त्या गालील नगरमा गोया व्हयनात तवय येशु त्यासले बोलना, मनुष्यना पोऱ्याले लोकसना हातमा धरीन देतीन.
त्या माले मारी टाकतीन अनी तिसरा दिनले तो परत जिवत व्हई, तवय त्या भलताच नाराज व्हयनात.

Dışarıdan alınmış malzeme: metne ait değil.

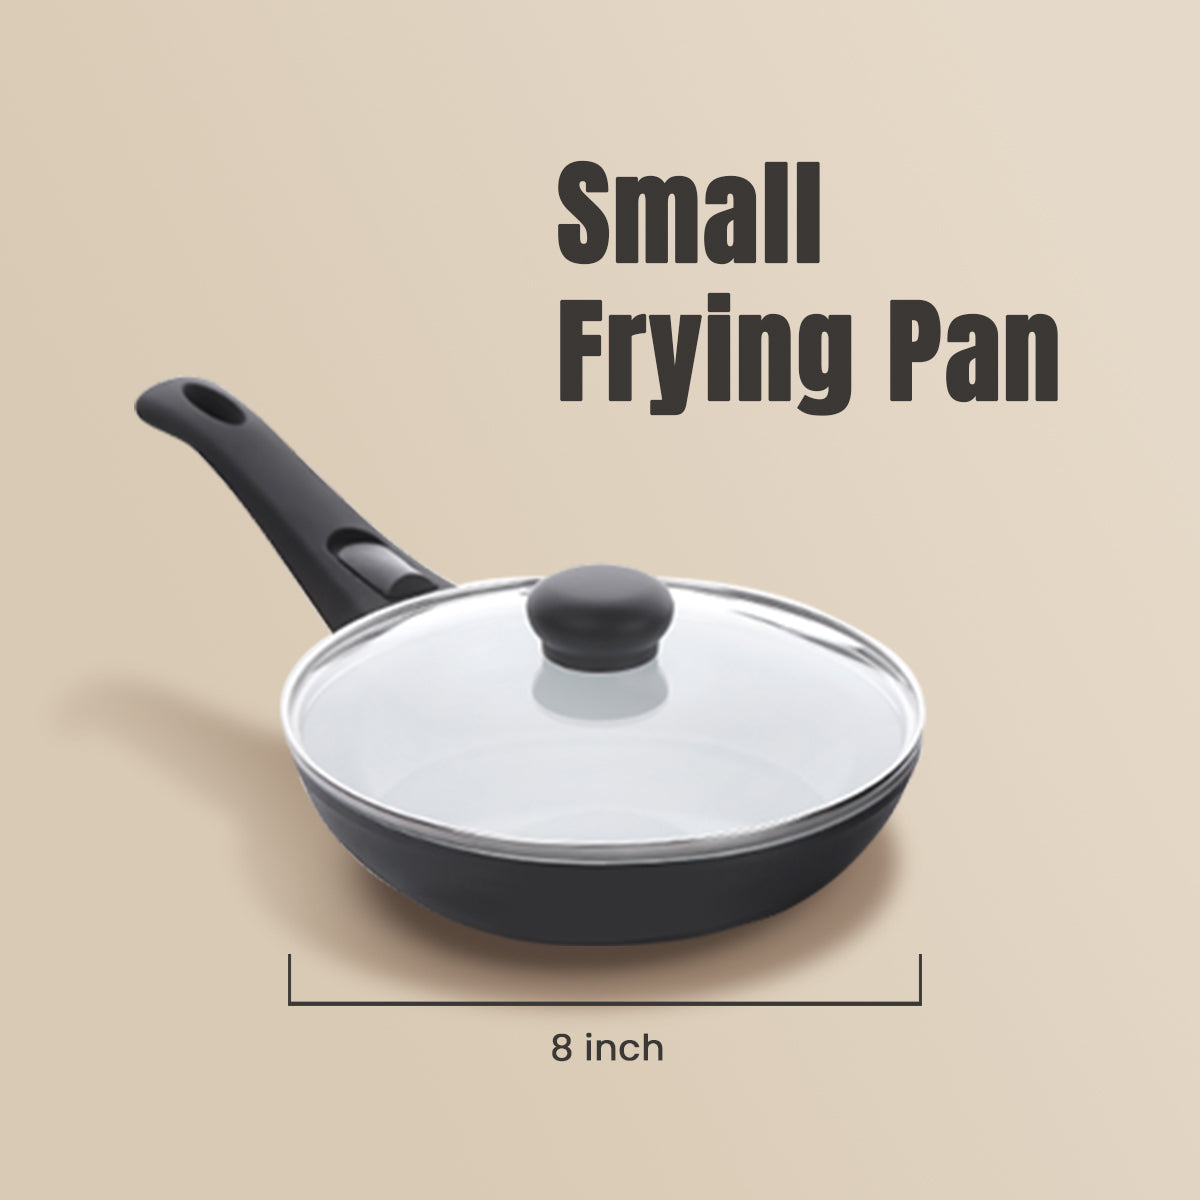 3 x P600 Cookware Frying Pan Set

24 Kefarnahum'a geldiklerinde, iki dirhemlik tapınak vergisini toplayanlar Petrus'a gelip, “Öğretmeniniz tapınak vergisini ödüyor, değil mi?” diye sordular.
जवय त्या कफर्णहुम गावमा वनात तवय मंदिरना कर गोया करनारानी पेत्रले ईचारं, तुमना गुरू मंदिरना कर नही देस का?
25 Petrus, “Ödüyor” dedi. Petrus eve gelince, daha kendisi bir şey söylemeden İsa ona, “Simun, ne dersin?” dedi. “Dünya kralları gümrük ya da vergiyi kimlerden alır? Kendi oğullarından mı, yabancılardan mı?”
तो बोलना, हा देस, मंग तो घरमा येवावर काही बोलाना पहिलेच येशुनी त्याले ईचारं, शिमोन, तुले काय वाटस? पृथ्वीवरला राजा कोणाकडतीन कर लेतस? आपला पोऱ्यासकडतीन की परकासकडतीन?
26 Petrus'un, “Yabancılardan” demesi üzerine İsa, “O halde oğullar muaftır” dedi.
तो बोलना, परकासकडतीन मंग येशु त्याले बोलना, म्हणीन पोऱ्या कर भरापाईन मुक्त शेतस.
27 “Ama vergi toplayanları gücendirmeyelim. Göle gidip oltanı at. Tuttuğun ilk balığı çıkar, onun ağzını aç, dört dirhemlik bir akçe bulacaksın. Parayı al, ikimizin vergisi olarak onlara ver.”
पण त्यासनाकरता आपण अडथळा बनाले नको, म्हणीन तु समुद्रमा जाईसन गळ टाक; अनी जो मासा पहिले वर ई, तो मासा धरीन त्यानं तोंड उघाड; म्हणजे तुले दोन रूपया सापडतीन त्या लिसन मनाबद्दल अनं तुनाबद्दल त्यासले दे.